Private Equity Funds Investing in Growing Asian, Latino Markets

WALL STREET WEST

By CONOR DOUGHERTY

Staff Reporter

Seeking to capitalize on California’s growing Asian and Latino populations, several local investors are setting up private equity funds earmarked for minority investments.

One year ago, supermarket mogul Ronald Burkle’s Yucaipa Cos. was authorized to invest $200 million of funds from the California Public Employees’ Retirement Systems in low income communities. Now, several smaller funds are in the works.

Orange County-based investment advisory firm Takata & Associates is raising between $50 million and $100 million to be invested in minority businesses. The companies can be run by minorities, or by non-minorities if they serve a niche market or employ large numbers of minorities.

“When they need money they go to a local banker. But in general these firms haven’t participated in the equity side of the business,” said David Takata, president of Takata & Associates.

Los Angeles-based Nogales Investors, headed by Luis Nogales, former Univision Communications Inc. chief executive, is raising a $125 million to $150 million fund, and has its offices in Yucaipa’s headquarters.
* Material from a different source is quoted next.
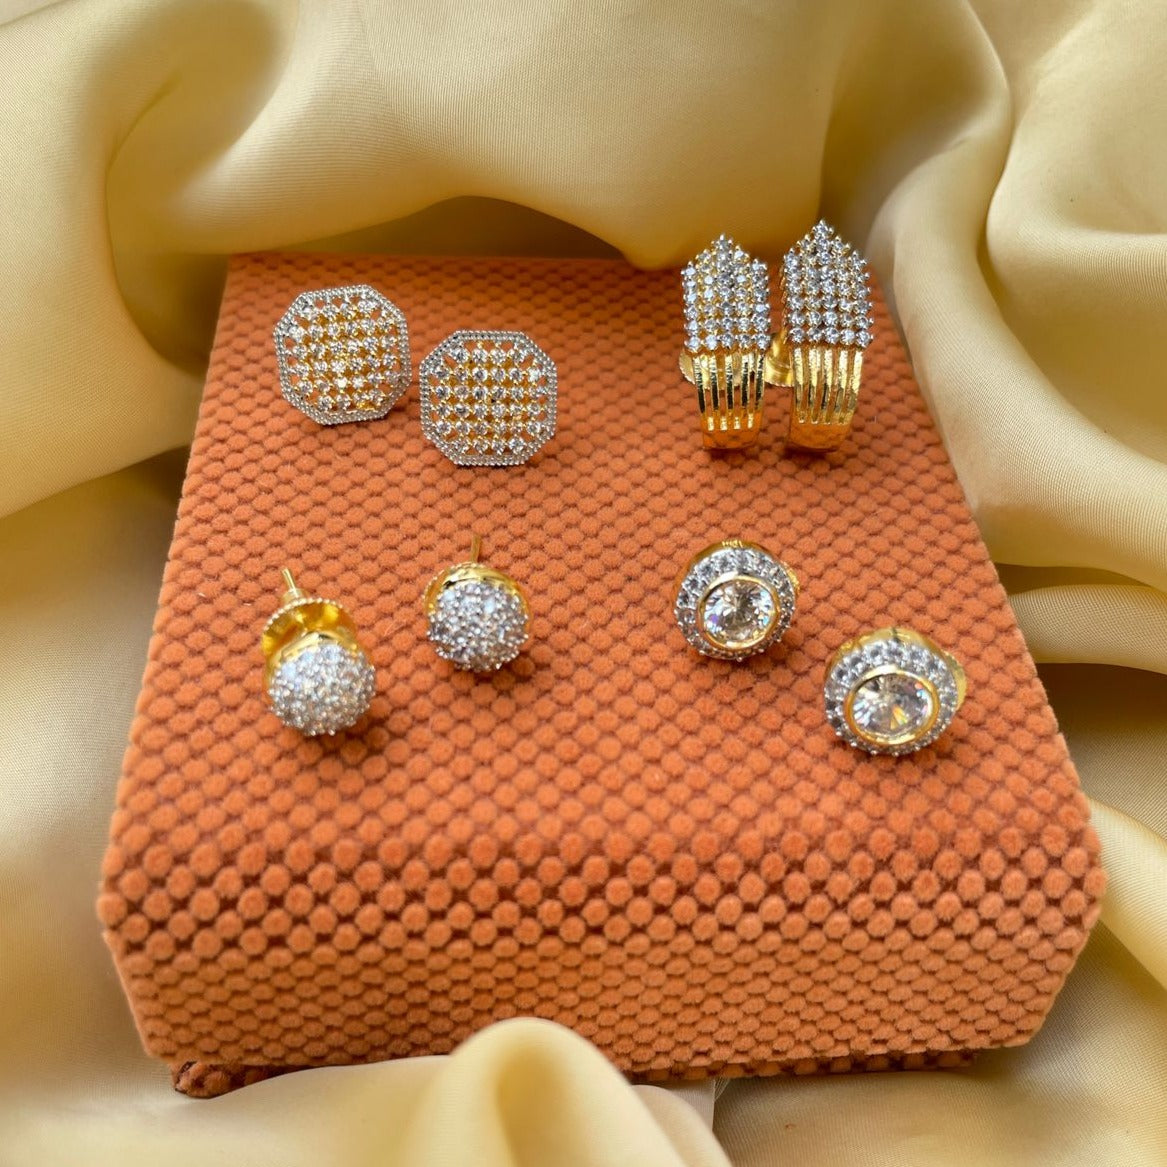 Showroom of Fancy daily wear earrings 22k gold | Jewelxy - 234483

The funds are separate, although he plans to steer opportunities Yucaipa’s way, Nogales said. “We’re trying to look for businesses that other private equity funds are not already centered on,” he said.

Nogales said his firm has been looking at mostly consumer products firms, such as Mexican food companies and bottled water makers. He sees growth potential in this area, where markets are scattered among numerous players.

“With the economy having slowed, valuations are lower and there are lot of companies for sale that may not have been for sale before,” Nogales said. “So if you make an investment in one type of company, that can serve as a platform for consolidation.”

There is no shortage of private equity for mainstream investments. Local buyout shop Leonard Green & Partners recently raised an $1.9 billion fund, and others have been active in raising large war chests. But with so many investors chasing a limited number of mainstream deals, the price has remained high when compared to most minority-focused investments.

“There are a lot of billion-dollar private equity funds and the only way they can deploy that kind of money is with large investments,” Nogales said. “We’re dealing with companies with $10 million to $100 million in revenue. There is not as much money chasing those kinds of deals.”

One hindrance to a broader movement of funds into the minority business market is a lack of data that would give a clear picture of size and performance, Takata said.

“Financiers in general would like to know how the big opportunity is, and the kinds of historical returns they’ve provided,” he said.

According to the Milken Institute, minority firms grew 17 percent between 1987 and 1997, or six times faster than the annual growth rate of 3 percent for all businesses in that decade. The same was true for sales at minority businesses, which grew 34 percent between 1987 and 1997, compared with a 13 percent rise for all firms in that period.